[squid-users] Object Hit/Byte Hit accounting with Multiple Instances

From: Michael Hendrie <michael_at_hendrie.id.au>
Date: Wed, 15 Dec 2010 12:08:18 +1030

Hello List,

I have server running 3 instances of squid-3.0.STABLE19 using a
configuration similar to that documented at http://wiki.squid-cache.org/MultipleInstances
. Each instance has all other instance configured as siblings using
the "proxy-only" directive to allow sharing of cache without
duplicating objects. This setup is working very well and has
increased server performance by over 50%.

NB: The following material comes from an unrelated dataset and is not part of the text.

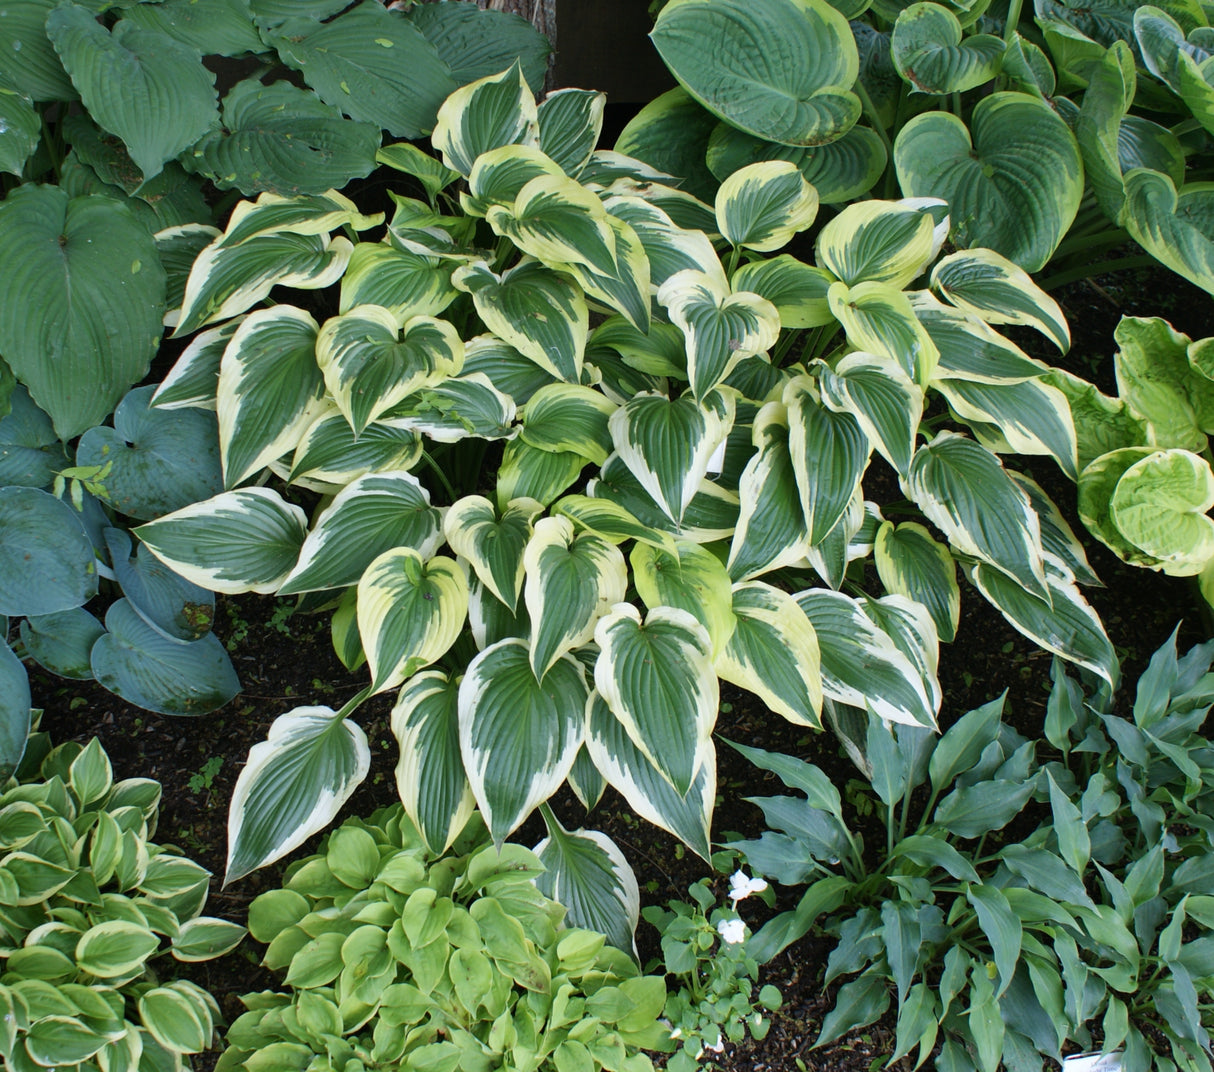 Fantabulous Hosta - 4.5 Inch Container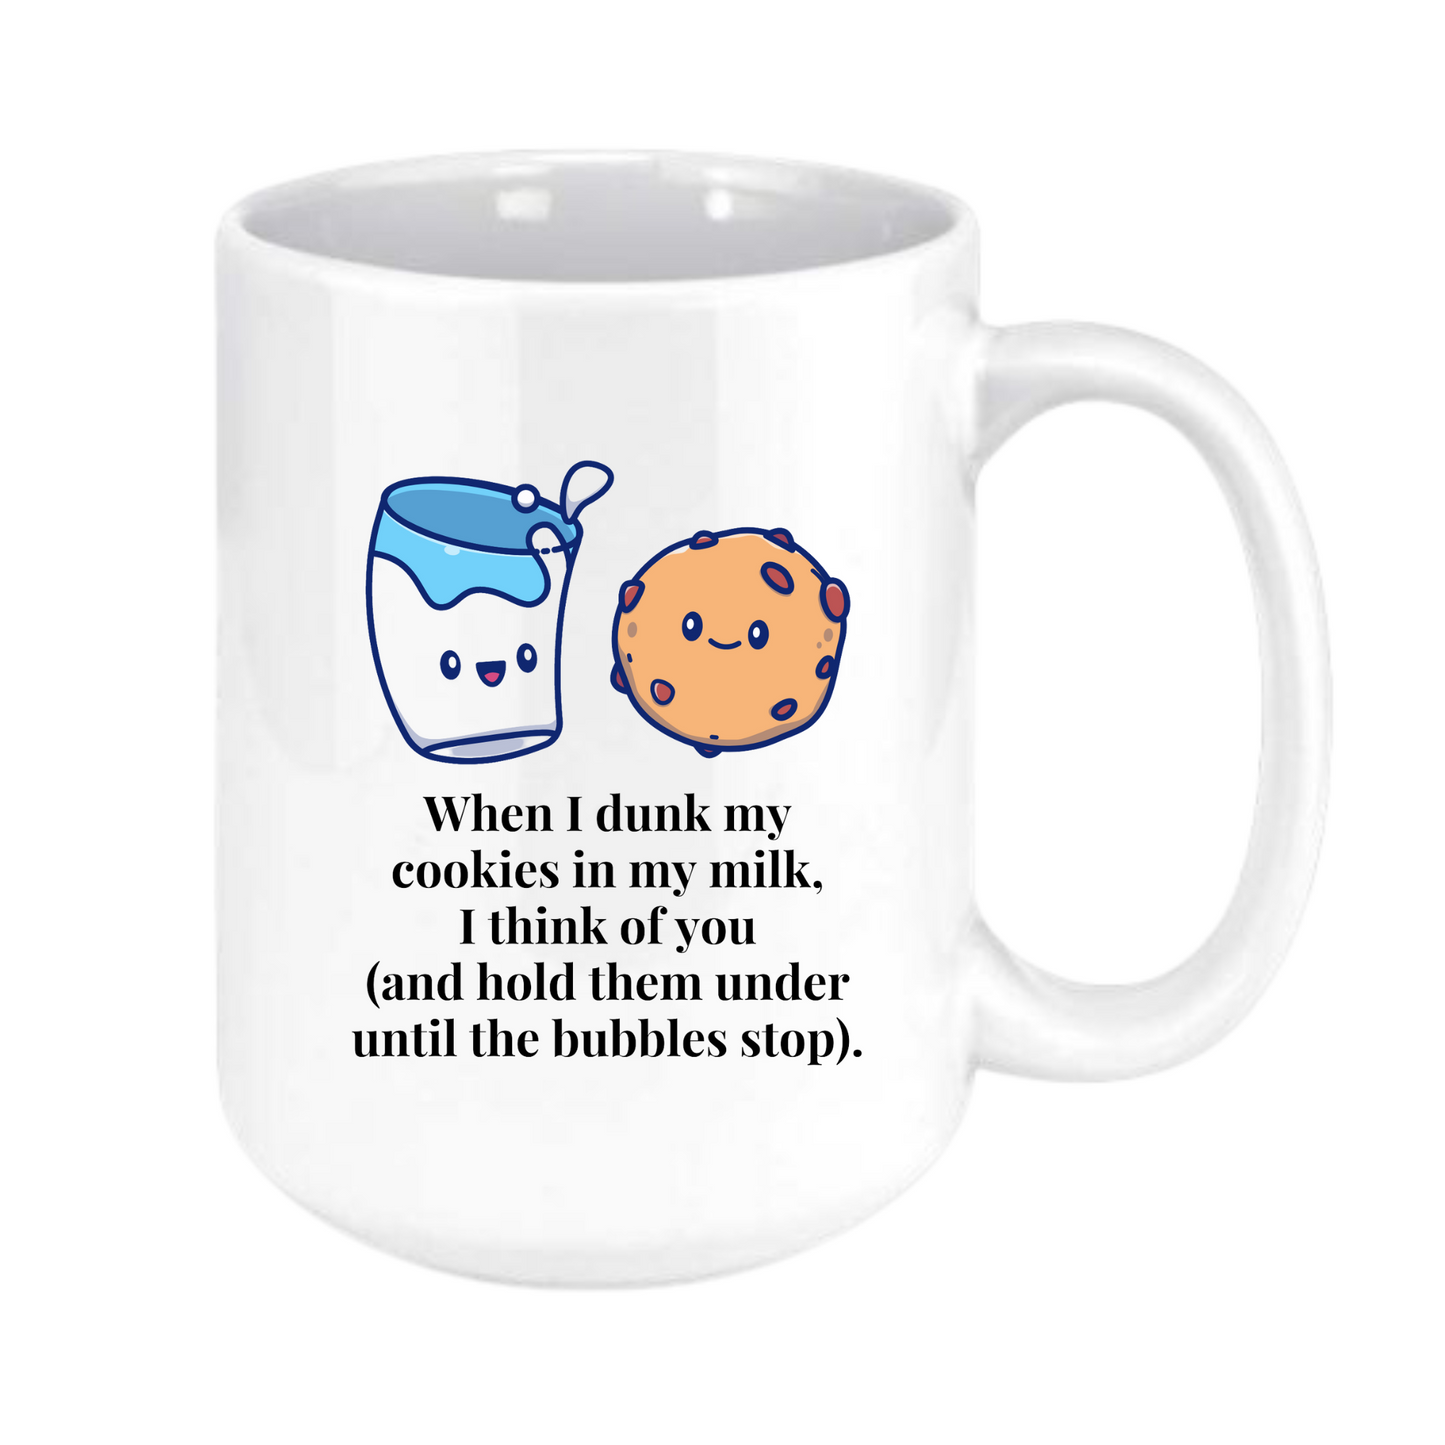 When I dunk my cookies in my milk, I think of you... mug

I'm now trying to get an accurate indication of byte savings I'm
achieving with this configuration however I'm not sure that the
calculations I'm using are giving the correct results. Because each
instance maintains a separate cache_dir this seems to be a little
difficult to calculate. When instance 1 records a request as a MISS
it may in fact be a HIT (from an entire system point of view) if the
object is retrieved from the cache of instance 2 or 3.

Using a combination of "squidclient mgr:counters" and SNMP, I grab
counter values from each instance, tally and use the following formula
to calculate the byte hit ratio:

(mgr:counters:client_http.hit_kbytes_out +
snmp:cacheClientHTTPHitKb.sibling_addresses) /
(mgr:counters:client_http.kbytes_out -
snmp:cacheClientHTTPHitKb.sibling_addresses) * 100 = % cache byte hit
ratio

Using this formula, I always seem to get inconsistencies between what
squid reports and what my benchmarking tool reports (web-polygraph).
In the few cases I've checked so far, squid is always reporting a 4-5%
less byte hit than what web-polygraph reports.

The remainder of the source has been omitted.